Consequently, a detailed occupational history and high index
of suspicion are essential. There is no diagnostic test for
MFF, although urinary [
10] and serum [
4] zinc levels may be
elevated. It is of utmost importance that the presence of infection
be ruled out. Treatment is supportive, consisting of bedrest,
analgesics and antipyretics. Intravenous corticosteroids have
been advocated [
11], but this has not been studied in a randomized,
controlled fashion.
Our patient had the typical signs and symptoms of MFF which developed soon after inhaling metal fumes with negative virologic and bacteriologic studies. The time course of disease was longer than is typical [1,6–7]. Nevertheless, the temporal association between inhalation of metal fumes and the development of symptoms, the dramatic improvement with indomethacin alone (he received only one dose of diuretic and corticosteroid) and the similar symptoms in other co-workers similarly exposed strongly suggest the diagnosis of MFF. Although we believe his syndrome was due to exposure to zinc oxide, we acknowledge that the patient's presentation may have been due to a mixed exposure to a number of substances, including cadmium, nitrogen dioxide, carbon monoxide or copper oxide. Although pleuritis has been previously reported [10], this is the first report—to our knowledge—of meningitis, pericarditis and pneumonitis to this degree of severity in association with MFF.

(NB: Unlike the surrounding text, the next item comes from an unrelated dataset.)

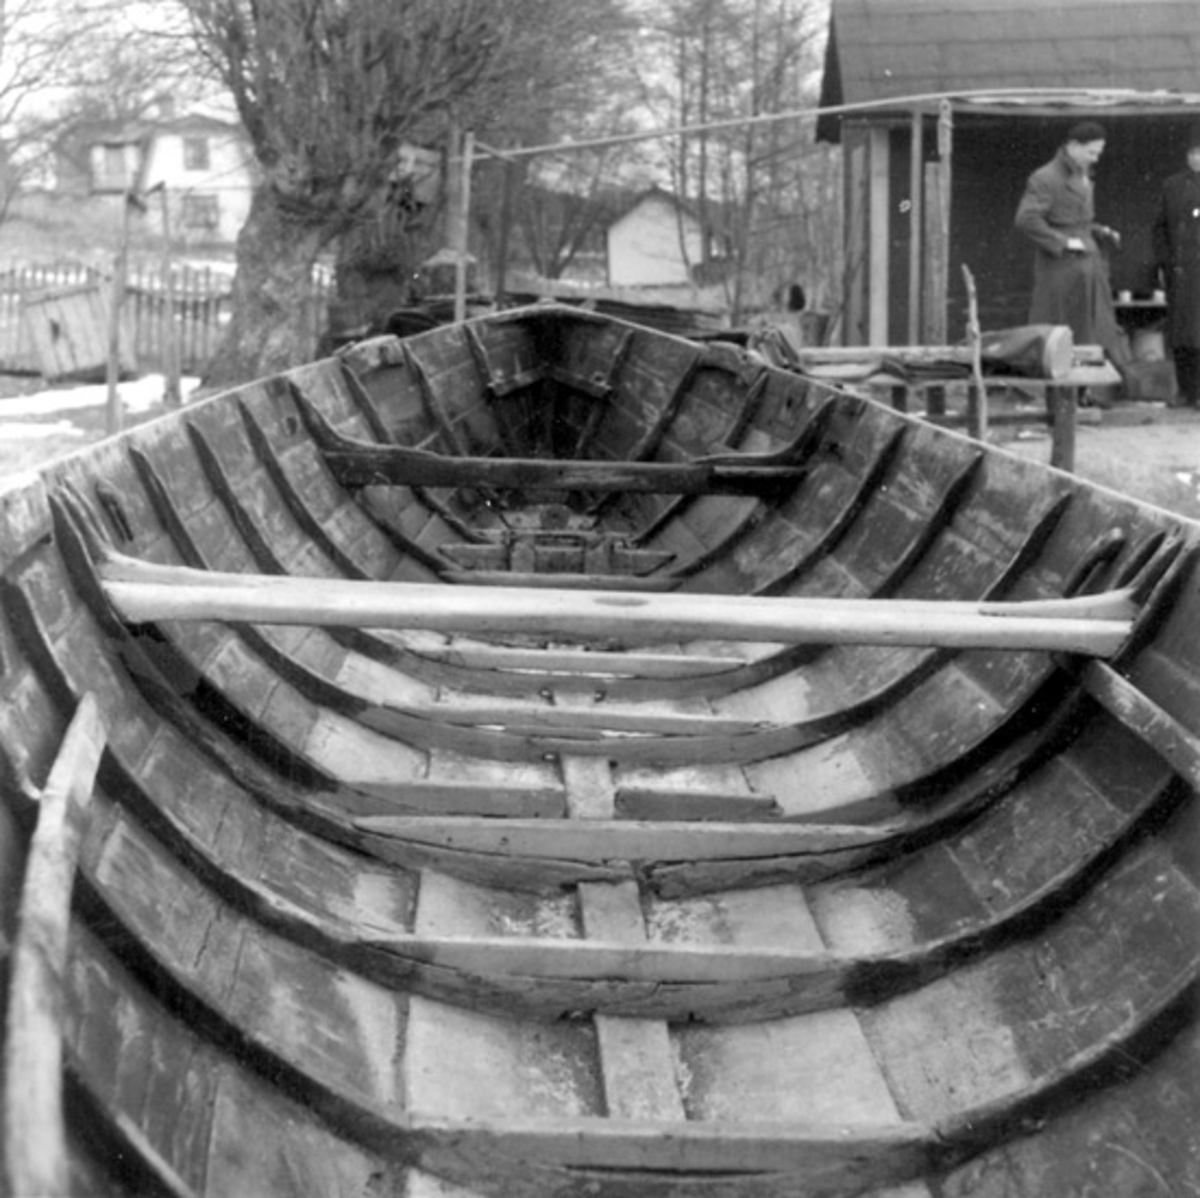 Skrivet på vidhängande papper: Långbåt, byggd av Jansson på Stegesund år 1892.

The pathophysiology of MFF remains unclear. The hypotheses postulated include delayed hypersensitivity reaction to exposure to zinc oxide [1], antigen–antibody complex [12,13] and a direct toxic effect of zinc oxide on human tissue. This latter theory is supported by reports of obstructive lung disease [9,14–17] and skeletal muscle and myocardial injury [18] following MFF. Recent research has also elucidated the role of cytokines [2,19–21] and oxidative damage by neutrophils [2,5,19,22–25]. We postulate that the inhalation of metal fumes in our patient induced a cytokine-mediated systemic inflammatory response resulting in his clinical presentation.
As our case demonstrates a high index of clinical suspicion is essential to the diagnosis of MFF. A thorough occupational history should always be attempted, even in critically ill patients if feasible, so that potentially toxic antimicrobial and/or anti-inflammatory therapies are not given unnecessarily.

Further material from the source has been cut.